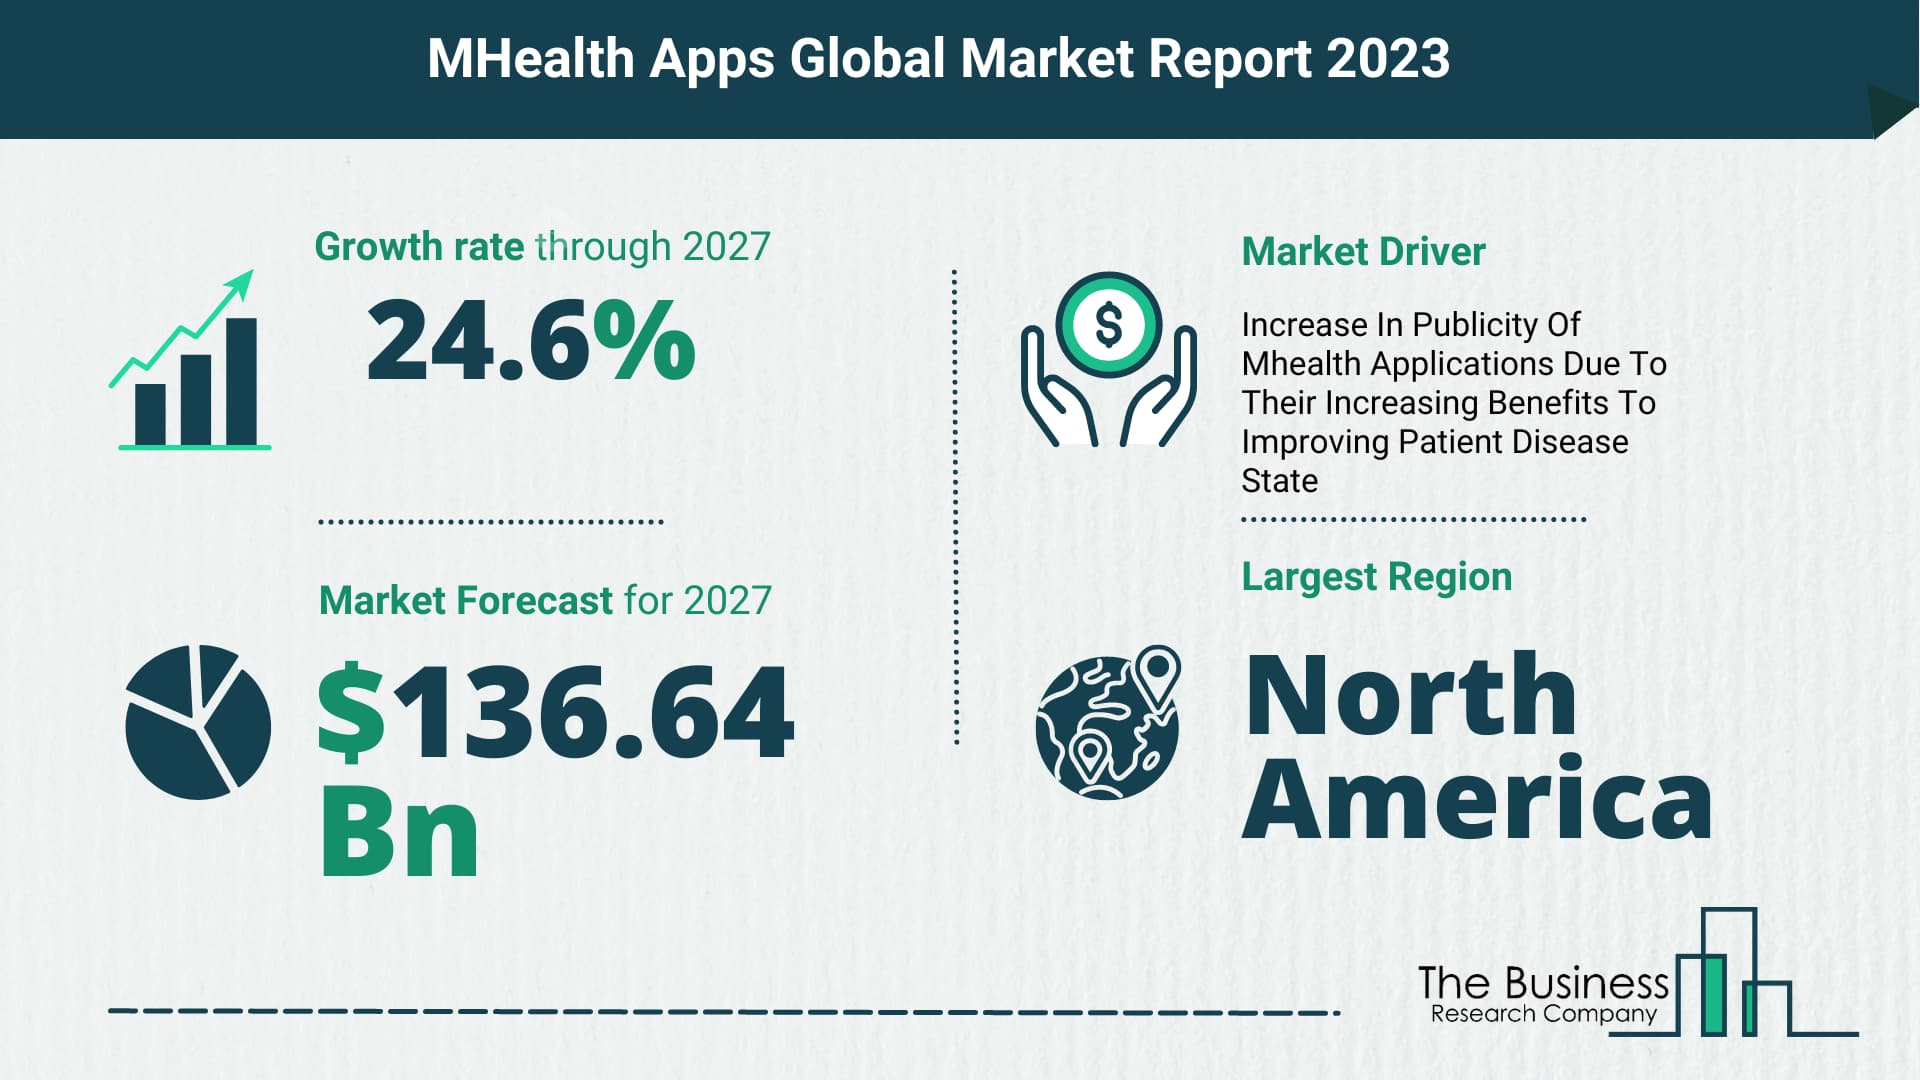 What Will The MHealth Apps Market Look Like In 2023?
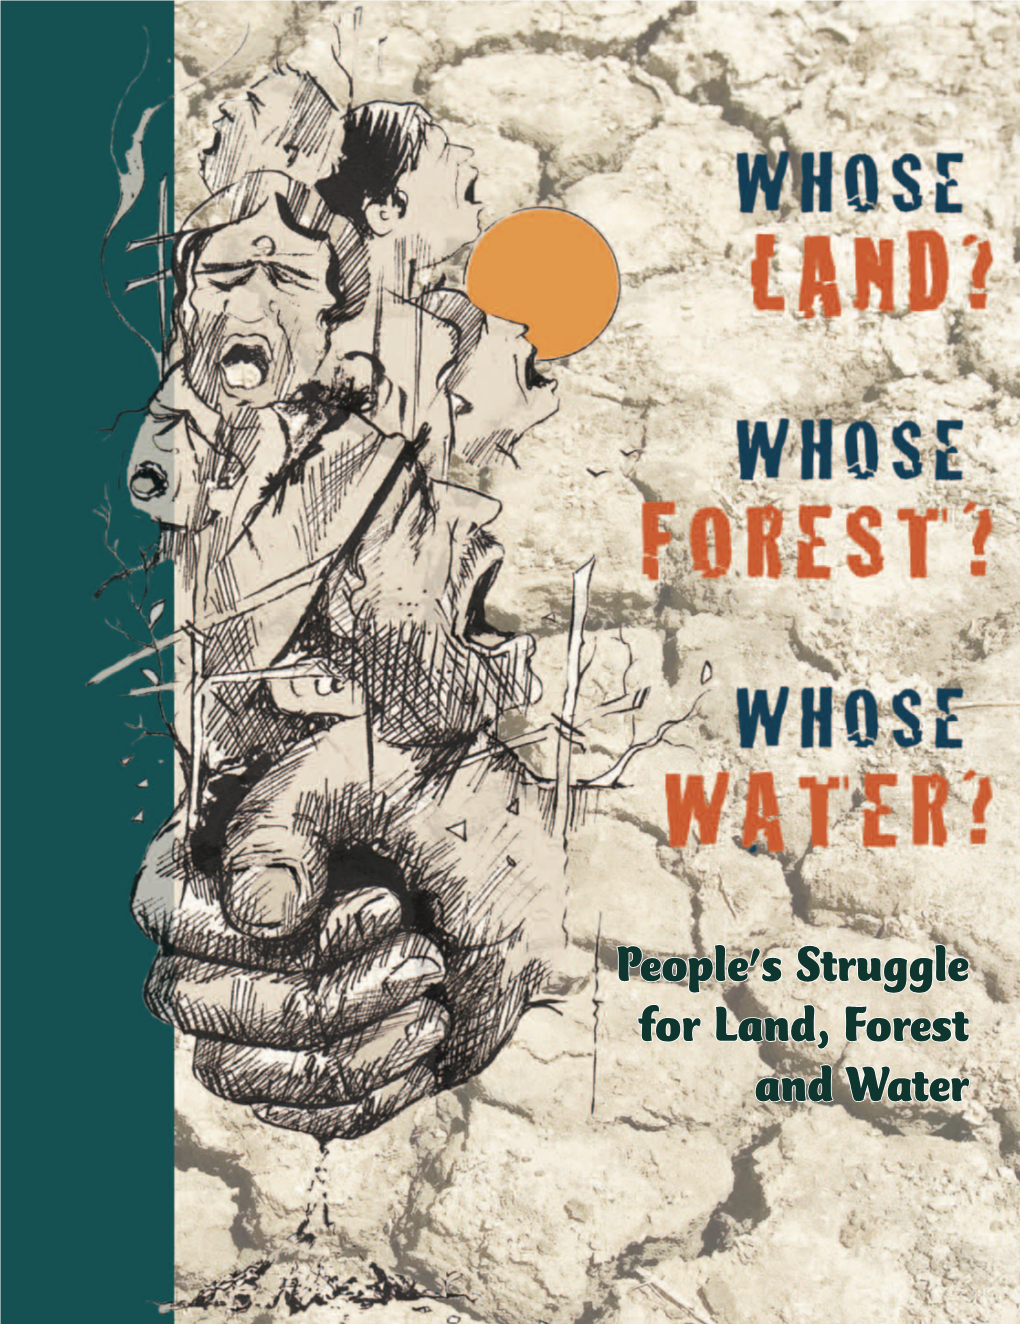 People's Struggle for Land, Forest and Water
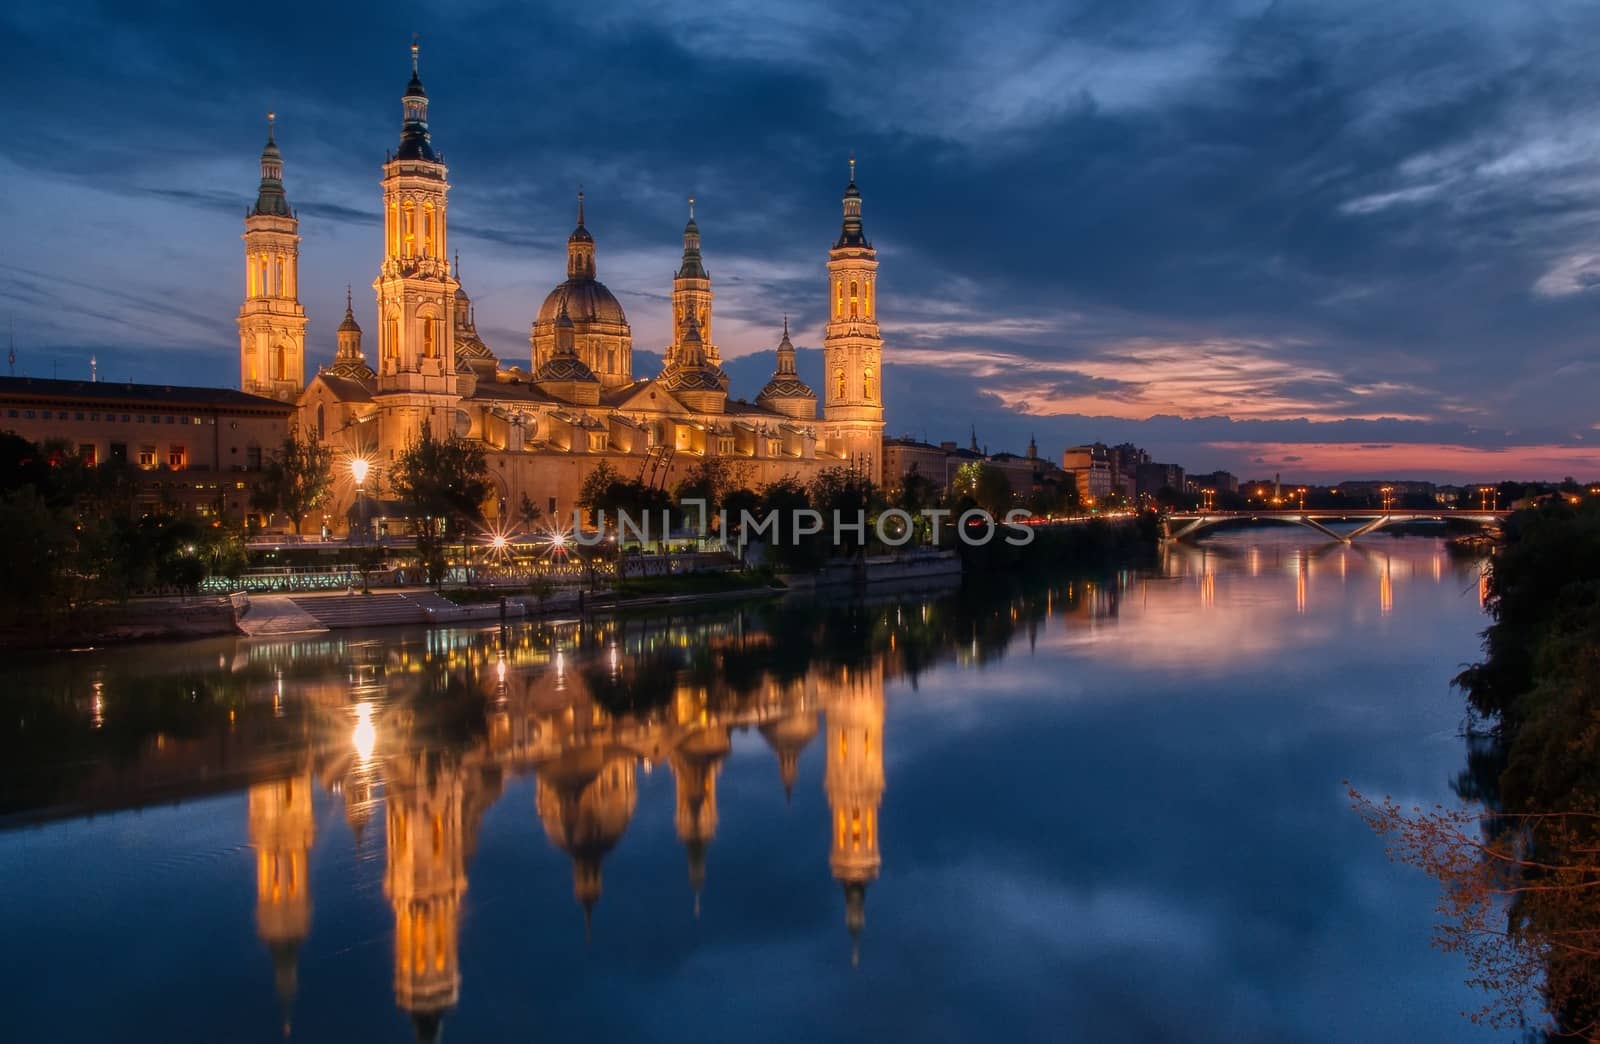 Basilica of our Lady of the Pillar and Ebro river in the evening, Zaragoza, Aragon, Spain.

· · · · · · ·

# Directions:
Everything in the preceding material must be transcribed exactly, except the images.

# Answer space:
 What Will The MHealth Apps Market Look Like In 2023?
 People's Struggle for Land, Forest and Water
 Basilica of our Lady of the Pillar and Ebro river in the evening, Zaragoza, Aragon, Spain.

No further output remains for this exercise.